A gap in the Battell Research Forest that was formed in the Great Appalachian Windstorm of 1950

Vermont’s forests have been shaped by ice, by climate, and by the actions of the state’s human inhabitants.  The land on which the forests now grow was shaped by the actions of Pleistocene glaciers, which have left a complex assortment of glacial till, glacial moraines, kame terraces, and lake-bottom sediments in their wake.   These different landforms support very different kinds of vegetation: the clay soils of the Champlain Valley, deposited when the valley was occupied by Lake Vermont and, later, the Champlain Sea, support a unique clayplain forest vegetation that is quite distinct from the northern hardwoods forests that dominate the thinner, rockier soils of the slopes of the Green Mountains.

More recently, human activities have been critical in modifying the distribution and structure of Vermont’s forests.  In the early 1800s, the land use practices of Vermont’s indigenous inhabitants, members of the Abenaki Nation, gave way to more widespread clearing by European colonists.   Much of Vermont’s forested land was cleared by the mid-1800s, but by the early 1900s the clearing trend had reversed itself, and forests returned to all but the best agricultural lands (e.g., the Champlain Valley).

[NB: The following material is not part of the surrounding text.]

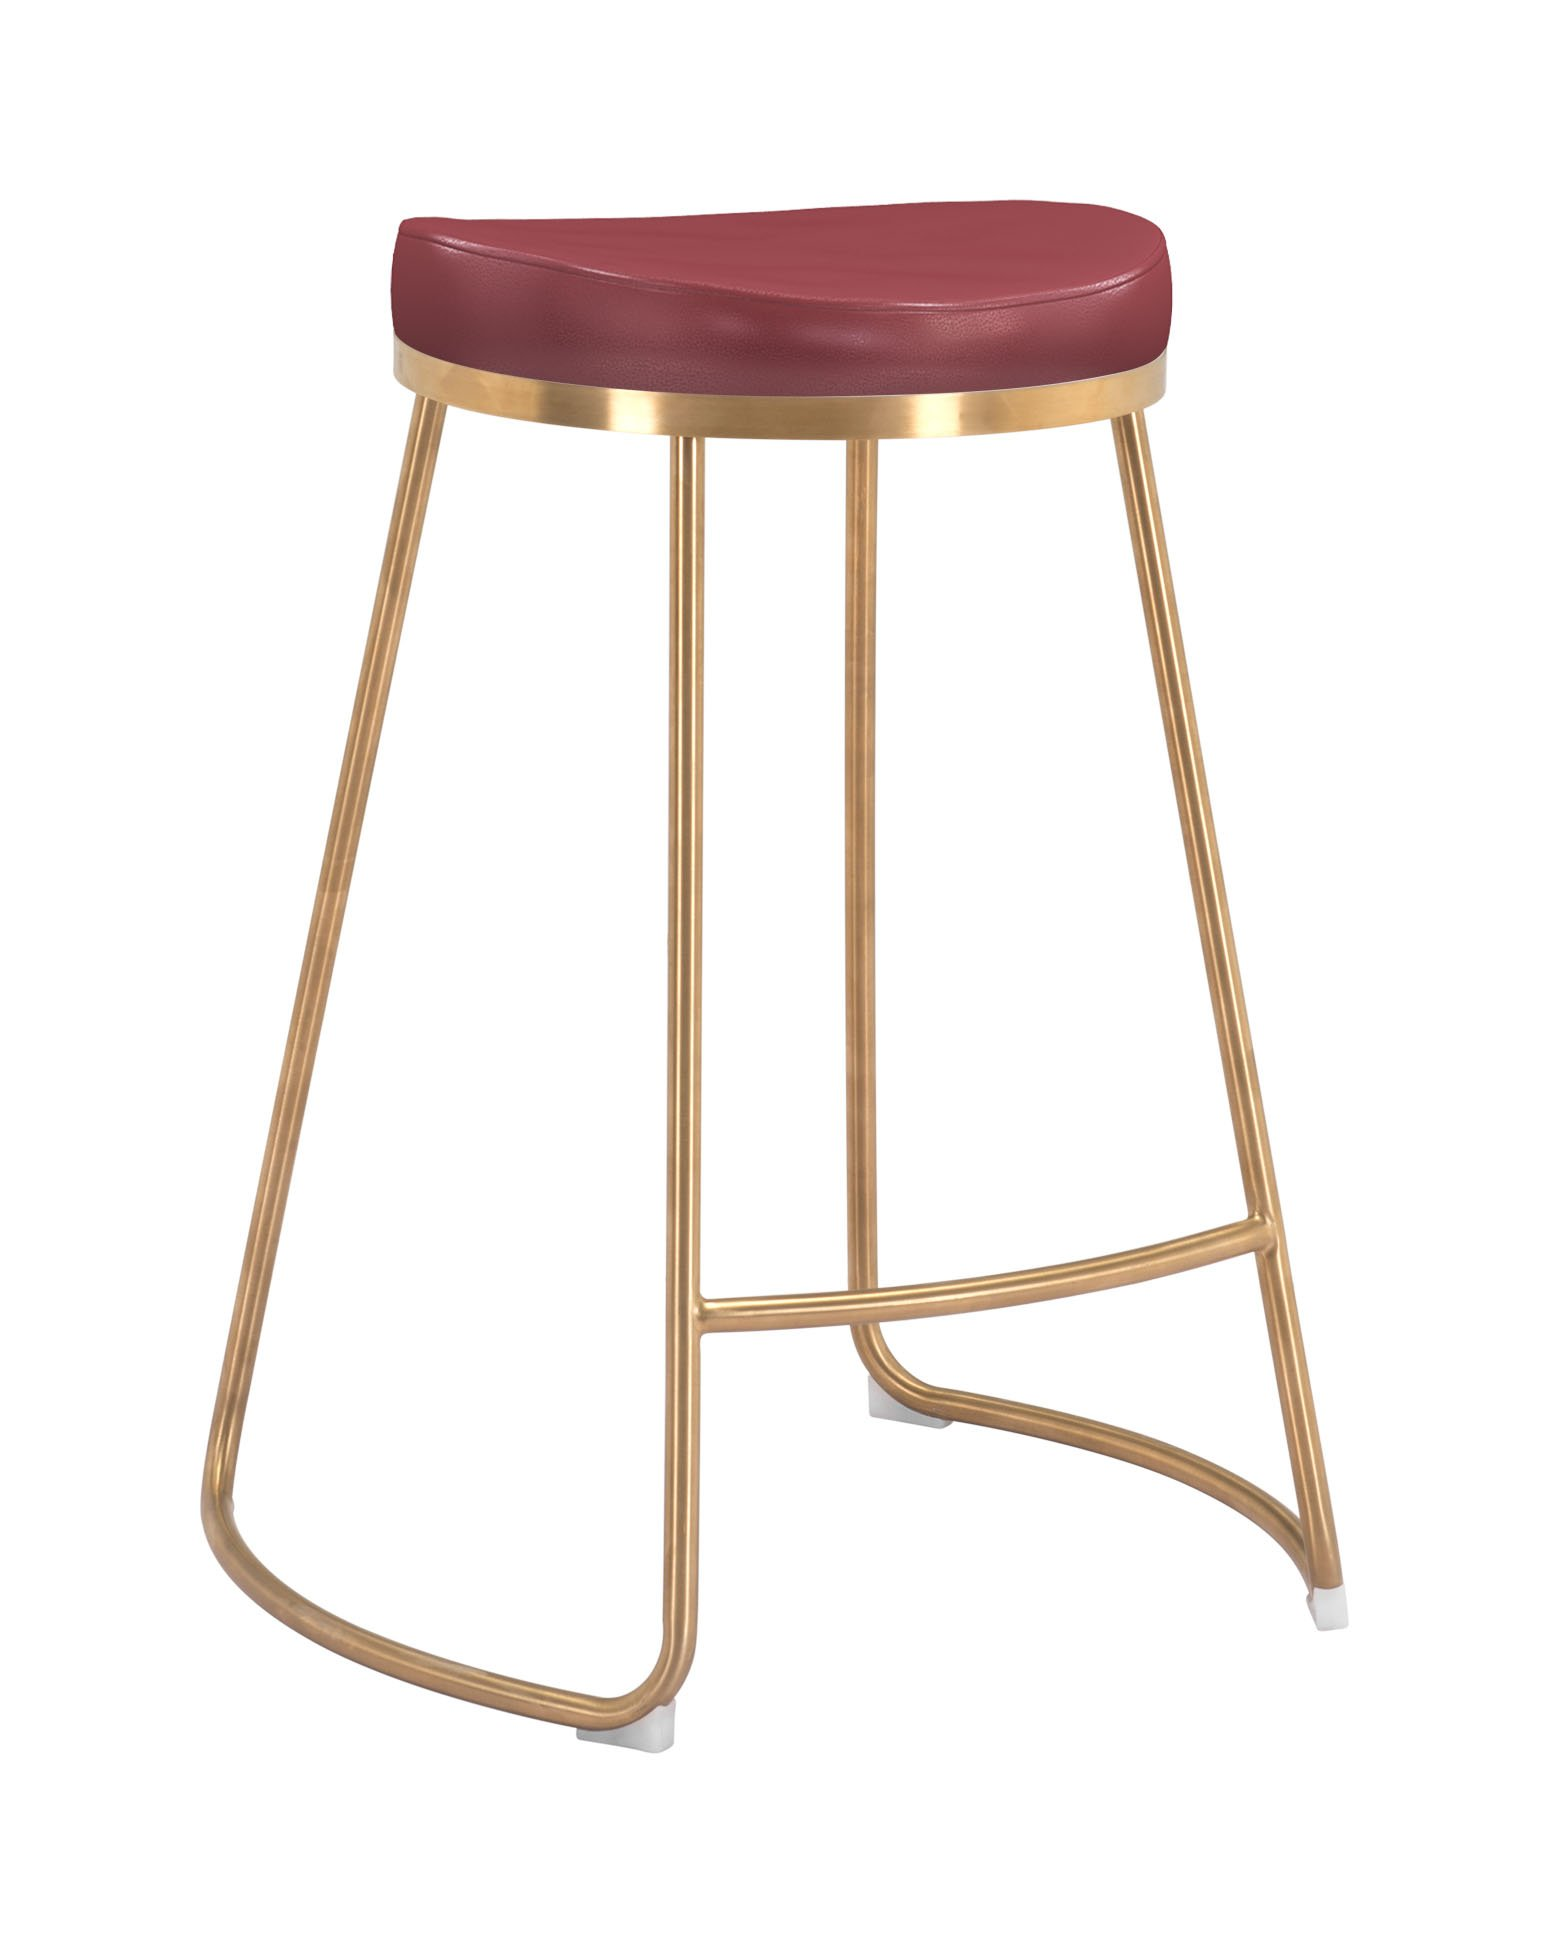 Groovy Bree Counter Stool Burgundy Set Of 2 By Zuo Modern Creativecarmelina Interior Chair Design Creativecarmelinacom

My research in Vermont centers on the ways that human use and natural disturbances interact to control forest dynamics.  How has the history of land use in Vermont altered natural disturbance regimes, and what effect have those changes had on forests?  How are forests likely to respond to future climate change?  What effect are changes in energy policy– an increased reliance on local biomass, for example– likely to have on Vermont’s forests?  How can forests be managed to increase the landscape’s ability to take up and store carbon?